The moon Iapetus
Photojournal: PIA18307
Published: March 9, 2015

The moon Iapetus, like the "force" in Star Wars, has both a light side and a dark side.

Scientists think that Iapetus' (914 miles or 1471 kilometers across) dark/light asymmetry was actually created by material migrating away from the dark side. For a simulation of how scientists think the asymmetry formed, see Thermal Runaway Model .

Lit terrain seen here is on the Saturn-facing hemisphere of Iapetus. North on Iapetus is up and rotated 43 degrees to the right. The image was taken in green light with the Cassini spacecraft narrow-angle camera on Jan. 4, 2015.

The view was acquired at a distance of approximately 2.5 million miles (4 million kilometers) from Iapetus. Image scale is 15 miles (24 kilometers) per pixel.

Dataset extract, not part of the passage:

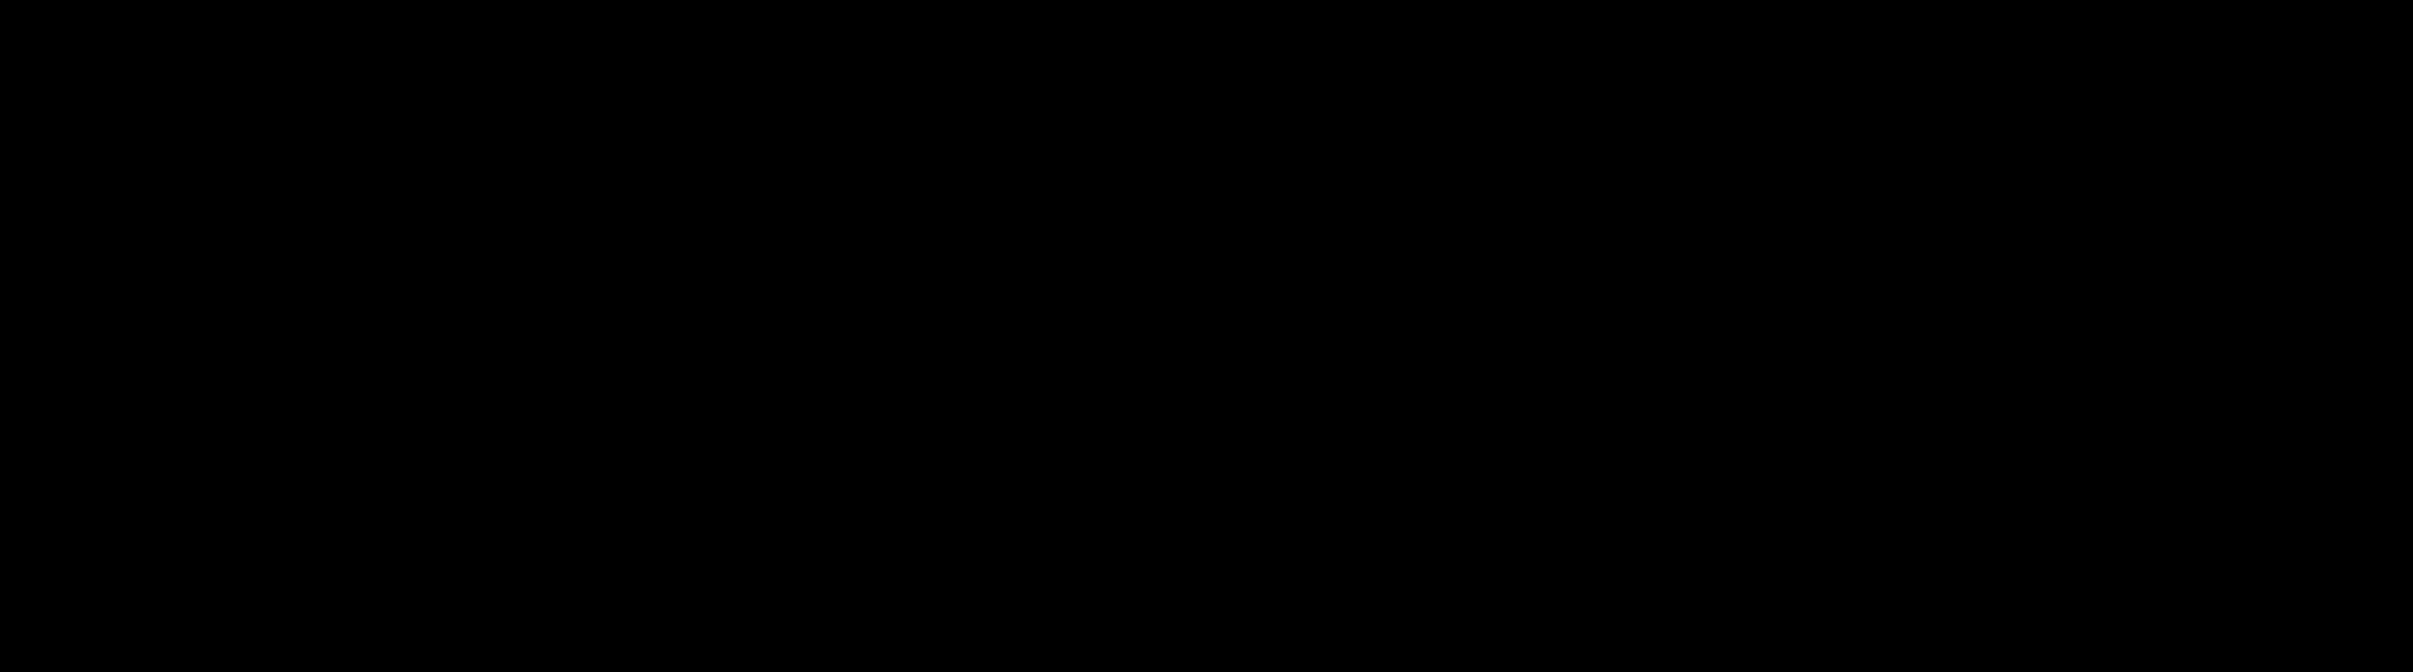 L-Thyroxine acyl-β-D-glucuronide

The Cassini mission is a cooperative project of NASA, the European Space Agency and the Italian Space Agency. The Jet Propulsion Laboratory, a division of the California Institute of Technology in Pasadena, manages the mission for NASA's Science Mission Directorate, Washington, D.C. The Cassini orbiter and its two onboard cameras were designed, developed and assembled at JPL. The imaging operations center is based at the Space Science Institute in Boulder, Colo.